Learning and training

The Department's emphasis on vocational training is unique in the UK, integrating field-based practice into all undergraduate degrees through the Silchester Field School. The inspired learning for students is unparalleled anywhere else in the UK and provides students with the field-skill set they need to go into professional practice through the experience of working on one of the UK's largest and complicated research excavations.

Research-based teaching sits at the heart of the distinctive suite of undergraduate and Masters programmes, MPhil and PhD research degrees.

In the National Student Survey 2008, 100% students on the department's programmes agreed on the quality of the teaching provision. The department is recognised by HEFCE as a Centre of Excellence in Teaching and Learning in Undergraduate Research Skills.

It has also played a major role in getting the disabled engaged with archaeology by leading the HEFC-funded initiative, Inclusive, Accessible, Archaeology

43% of undergraduates go into employment in archaeology, which is particularly high for archaeology. 44% of those on MSc in Geoarchaeology go on to work in that field.


Industry and government also benefit from the Department's expertise through the provision of advice and specialist services, especially in the areas of forensic and environmental reconstruction.

The department provides advice to the Home Office, UK Police Authorities and Forensic Science Service, particularly in the areas of human provenancing and forensic palynology . This has included expert witness testimony in high profile legal cases.
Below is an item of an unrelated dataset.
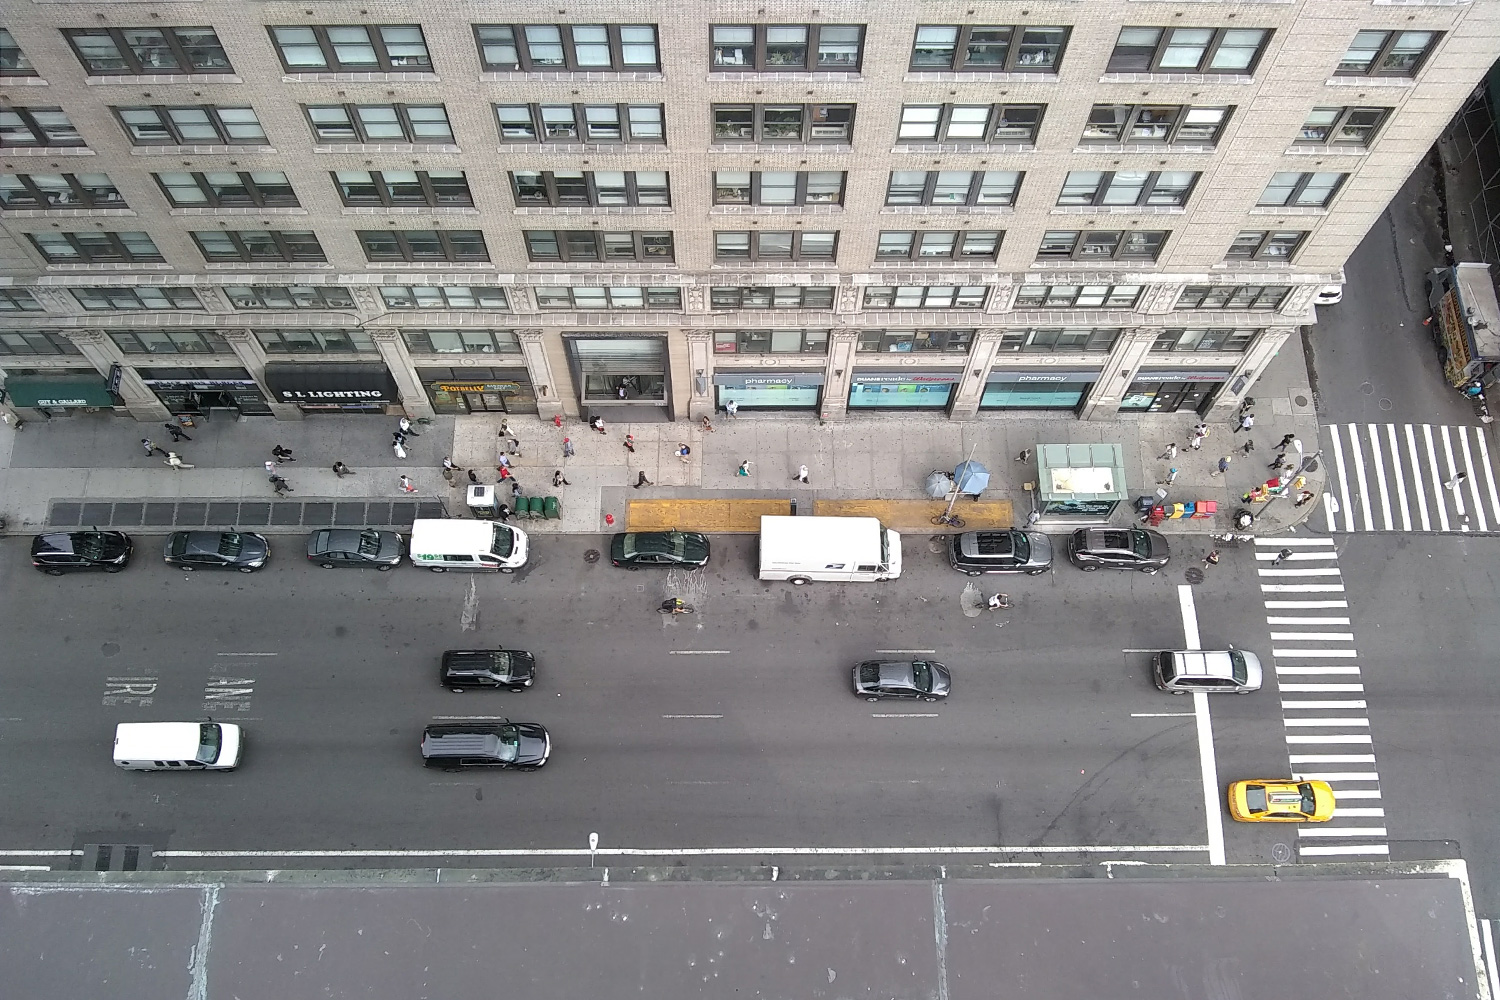 Moto E4 camera sample of a bird's eye view of street

Members of the department act as advisors to national heritage organisations such as English Heritage and Cadw in Wales.

Engagement with wider audiences

The department has excellent engagement with non-specialist communities and audiences and through the Silchester Roman Town Project, in particular, reaches over 5000 people in one open season, including hundreds of young people through school visits, work experience opportunities and the Public Open Days. Staff also conduct a wide range of talks, public lectures and media work.

Staff and students

The department boasts five Fellows of the British Academy (FBA) among the 17 HEFCE funded staff members, making it the only academic department in Britain to boast five FBAs. There is also a Fellow of the Royal Society on the staff.

Members of the University's Department of Archaeology who are also Fellows of the British Academy are:- Professor Martin Bell, Professor Roberta Gilchrist, Professor Michael Fulford, Professor Steven Mithen and Professor Richard Bradley. All five members of the department have progressed in their careers at Reading, having initially being appointed to more junior positions.

Staff represent the University on the executives of a number of national societies and are academic assessors to research councils and major charities.

The Department is comprised of 17 HEFCE funded staff and 4 charity funded staff, as well as 8 post doctoral research staff

Student numbers - 65 on BA Archaeology - almost 180 students on all undergraduate programmes, 14 on Masters, 13 on MSc Geoarchaeology and 47 PhD students.

The above data (e.g. student numbers and employability statistics) relate to the date of the QAP award (2009) and may have changed since then.


REF 2014 results confirm Reading Archaeology as world-leading

The Higher Education Funding Council for England (HEFCE) published the results of its Research Excellence Framework (REF) 2014 on 18 December 2014. The Research Excellence Framework (REF) is the method for assessing the quality of research in UK higher education institutions (HEIs) held approximately every six years.

Reading has achieved the top score in Archaeology (UoA17A) for world-leading (4*) and internationally-excellent (3*) research. Expert peer review has confirmed 81% of our research as scoring in these two categories, above Oxford, Durham, UCL, York and Cambridge in a competitive field of over twenty submissions. Our grade point average was 3.08, well above the sector mean, with outstanding scores in outputs (31.9% at 4*) and environment (62.5% at 4*).